▶ Task to carry out: Please repeat exactly the lines from the one containing "Medicated Pressure Redistribution" through the last line of the records below, leaving out any pictures.

▶ Information given:

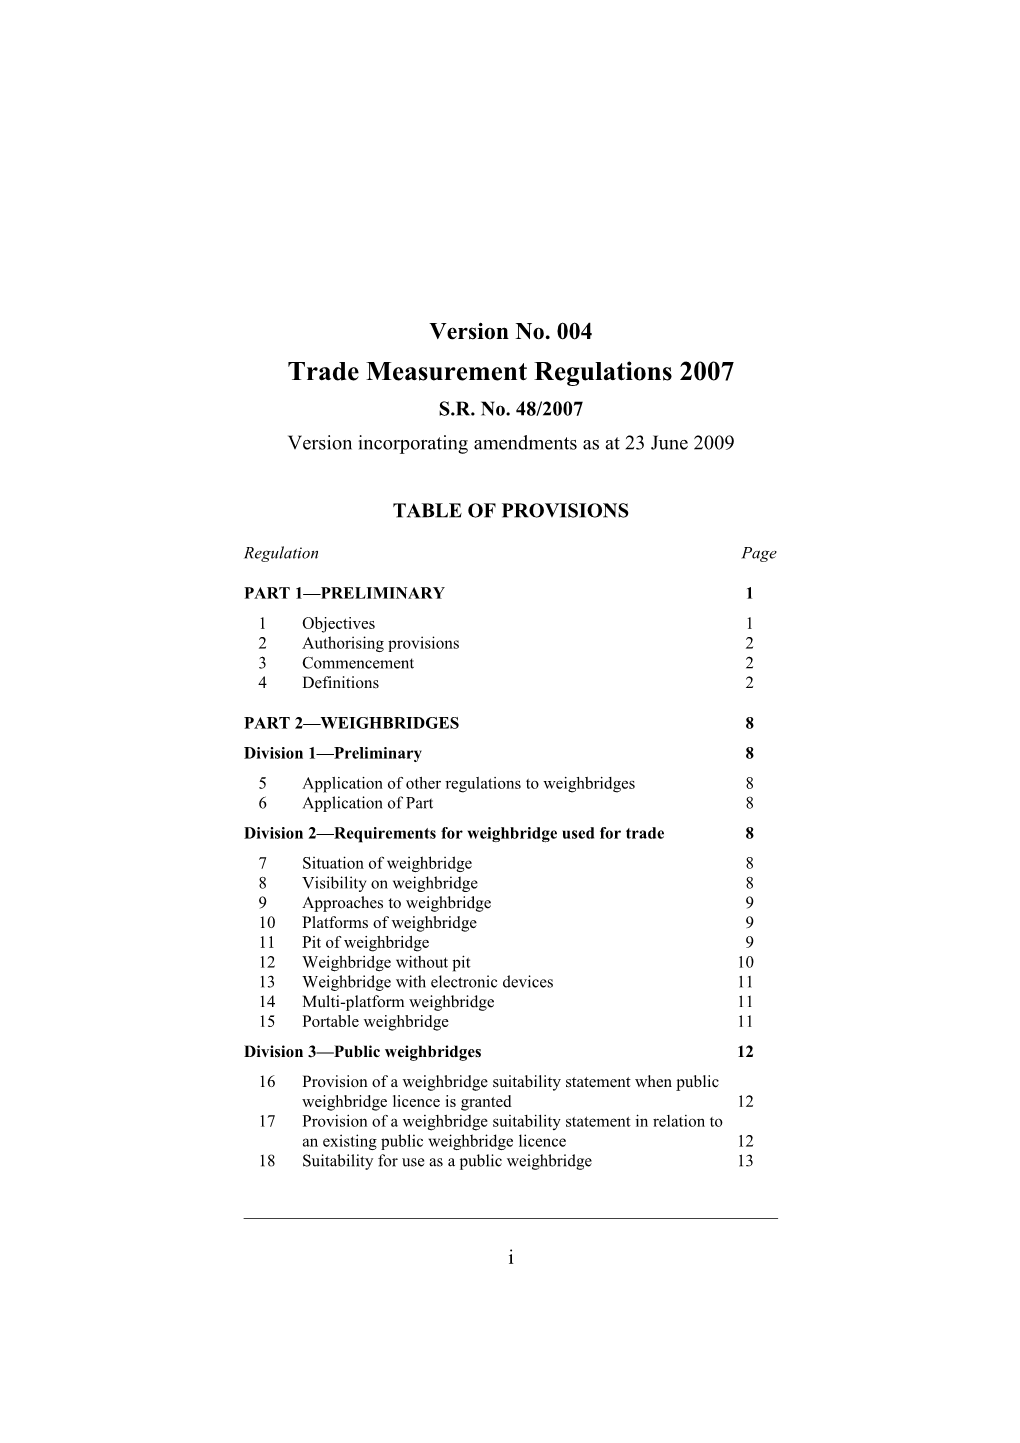 Trade Measurement Regulations 2007
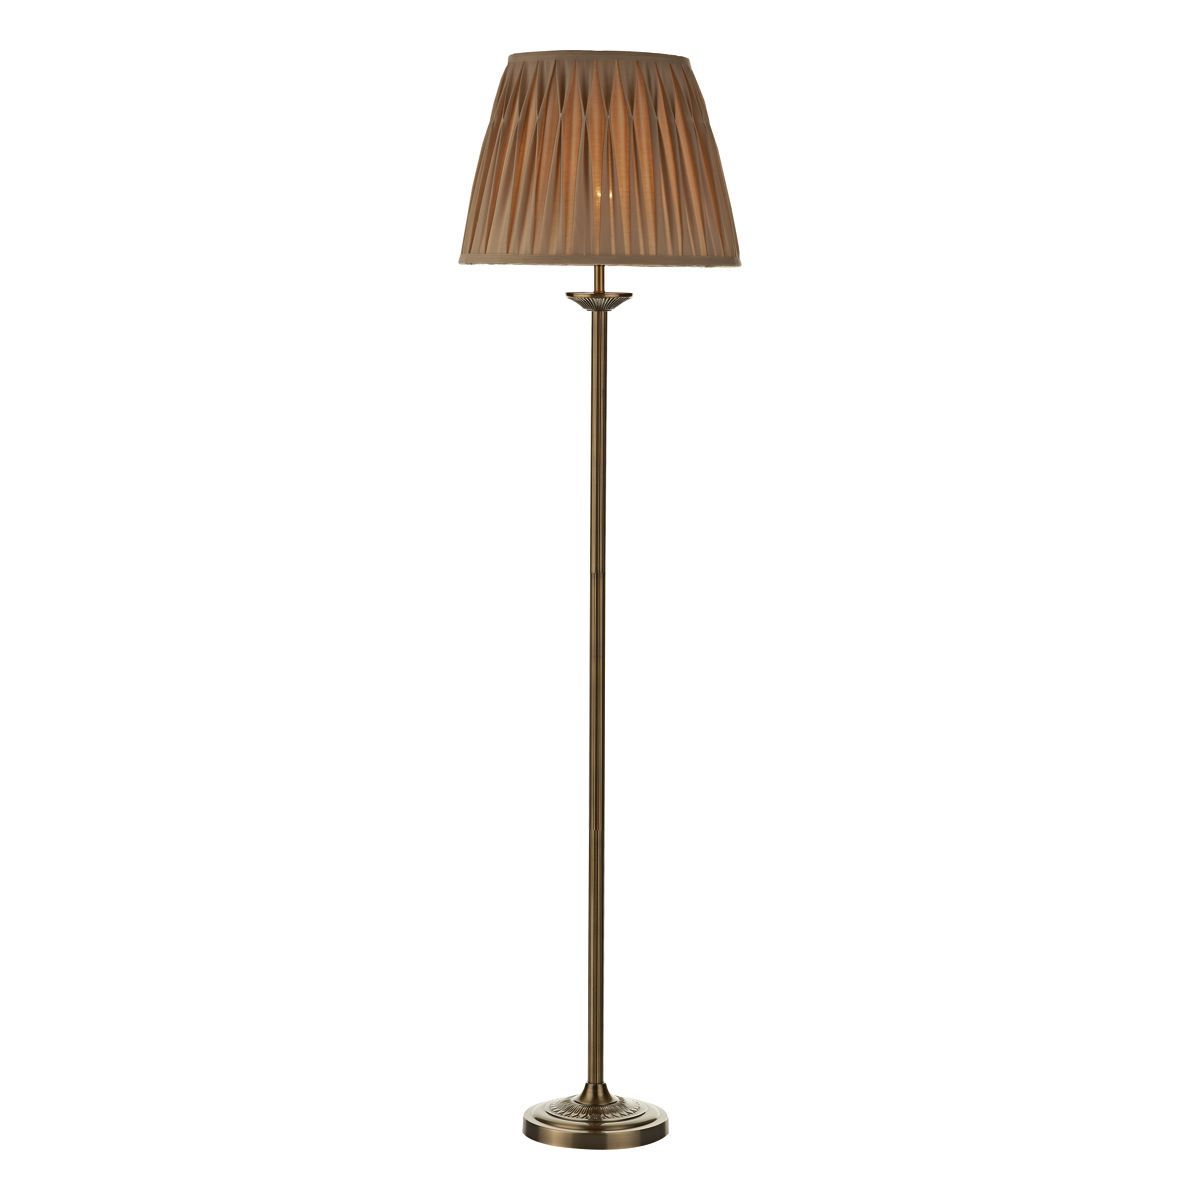 2019 Hatton Floor Lamp Antique Brass Complete With Shade Throughout Antique Brass Floor Lamps (View 10 of 15)
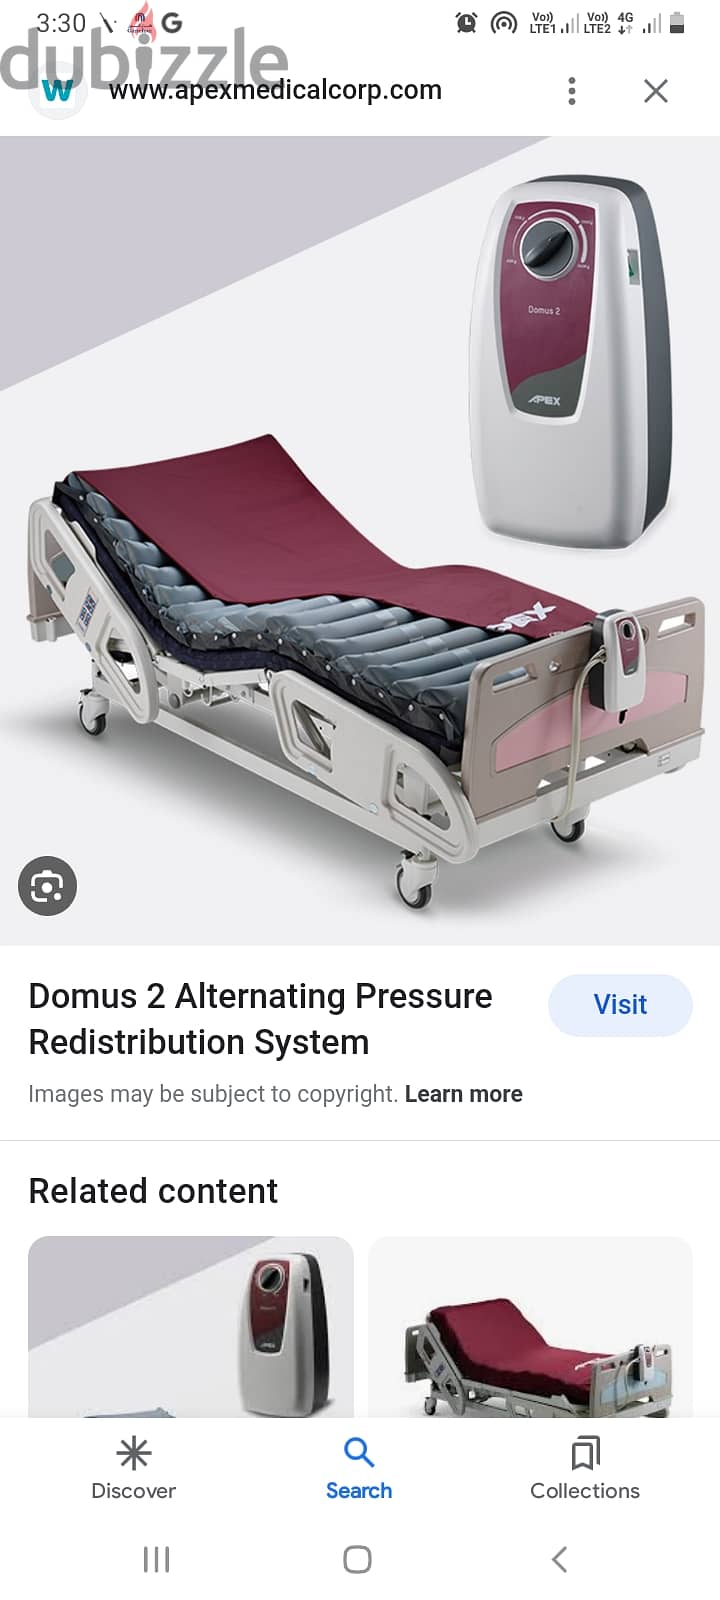 Medicated Pressure Redistribution system for bed ridden patients 0
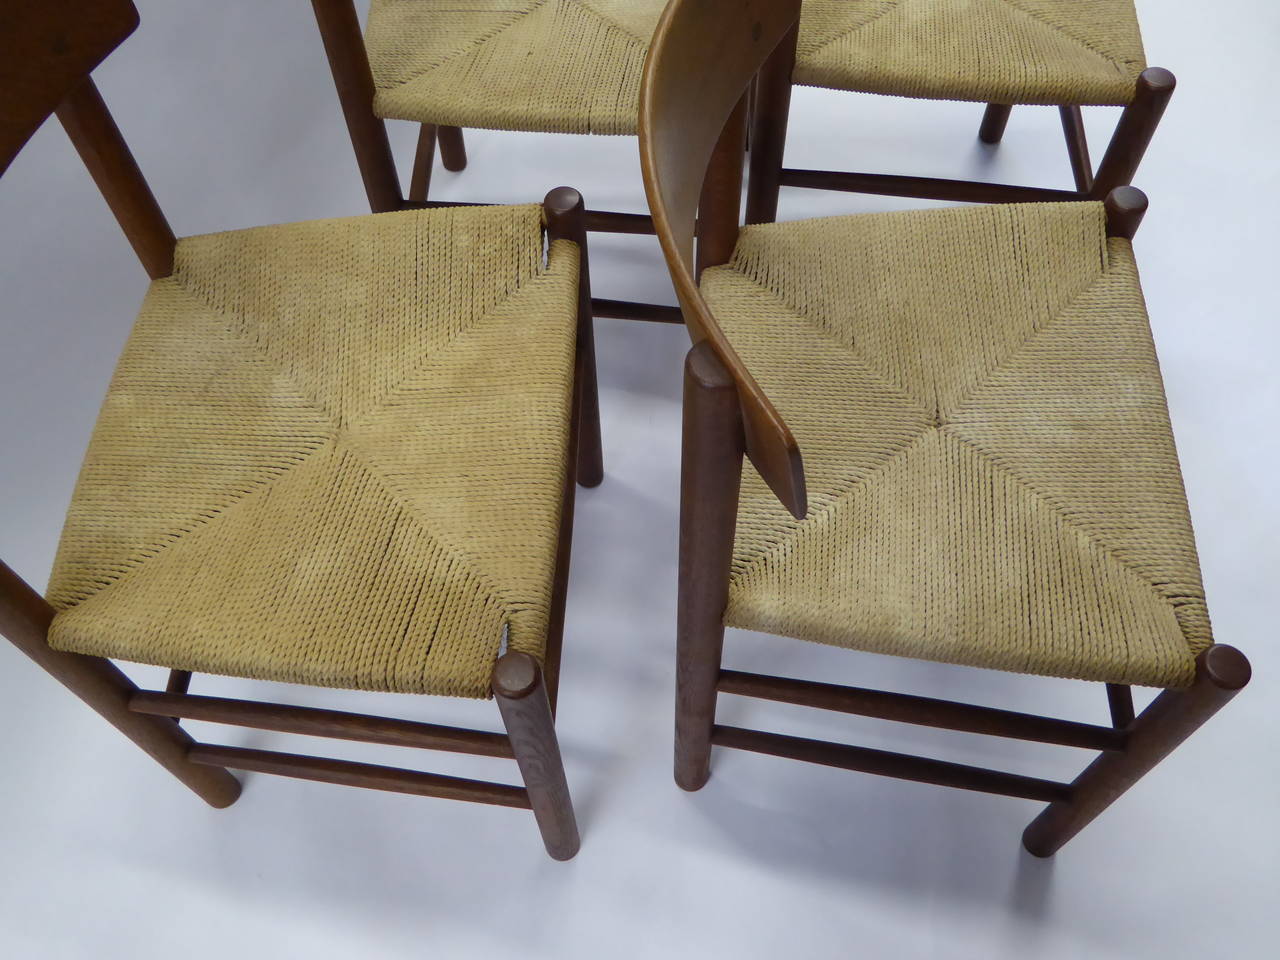 1940s Børge Morgensen J39 Chairs from FDB Mobler Denmark 1
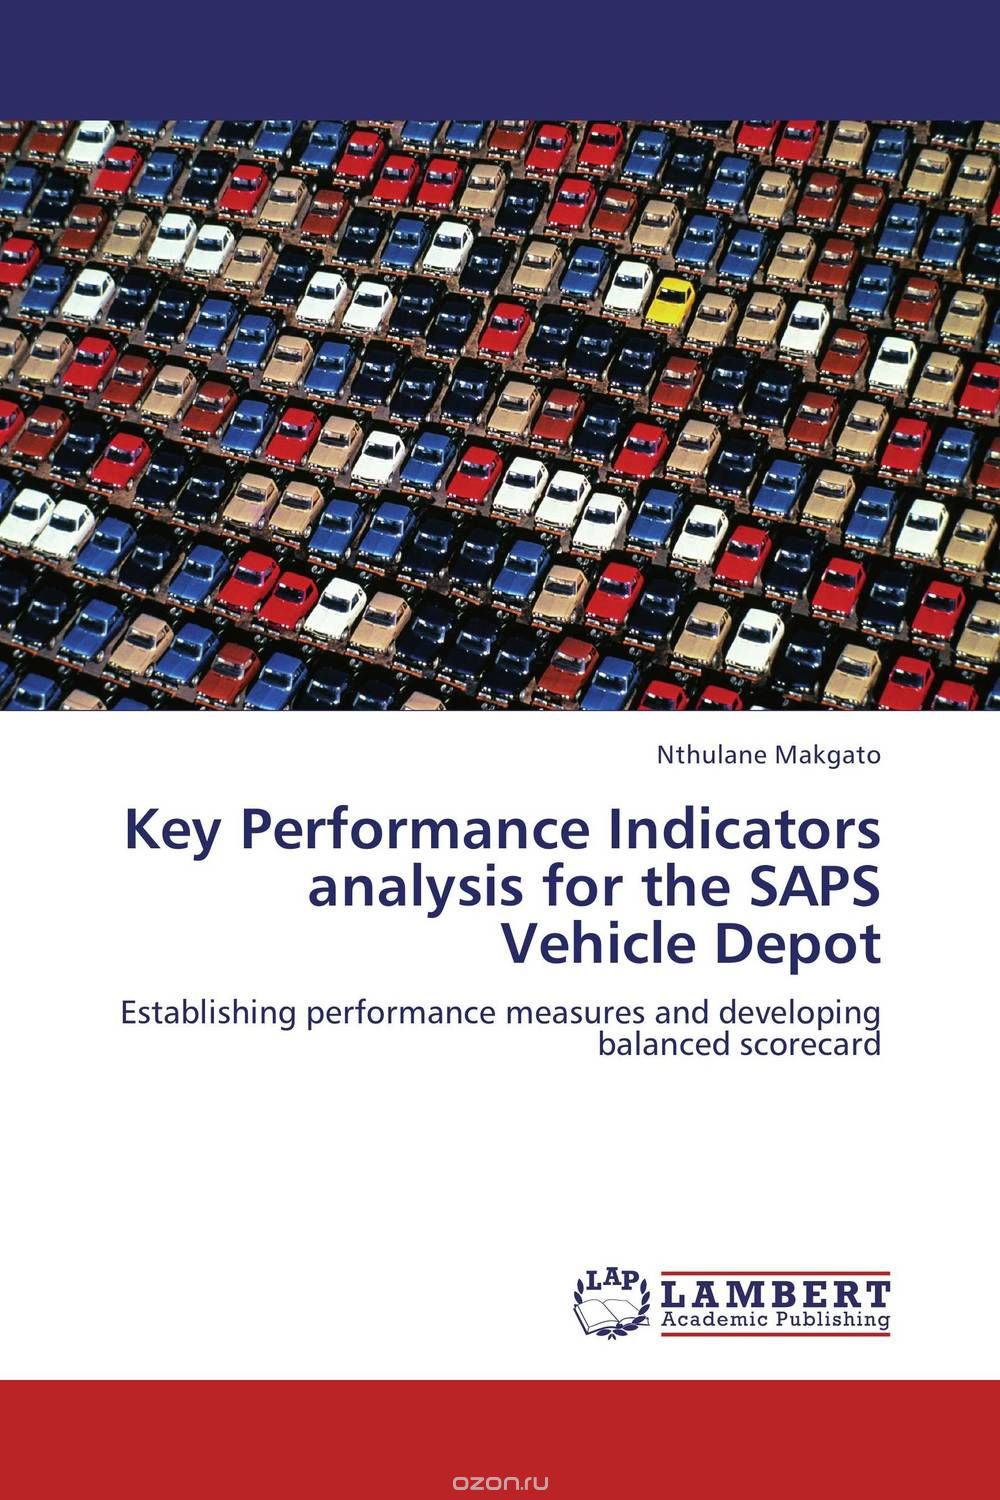 Скачать книгу "Key Performance Indicators analysis for the SAPS Vehicle Depot"

▶ Solution:
 Medicated Pressure Redistribution system for bed ridden patients 0
 1940s Børge Morgensen J39 Chairs from FDB Mobler Denmark 1
 Скачать книгу "Key Performance Indicators analysis for the SAPS Vehicle Depot"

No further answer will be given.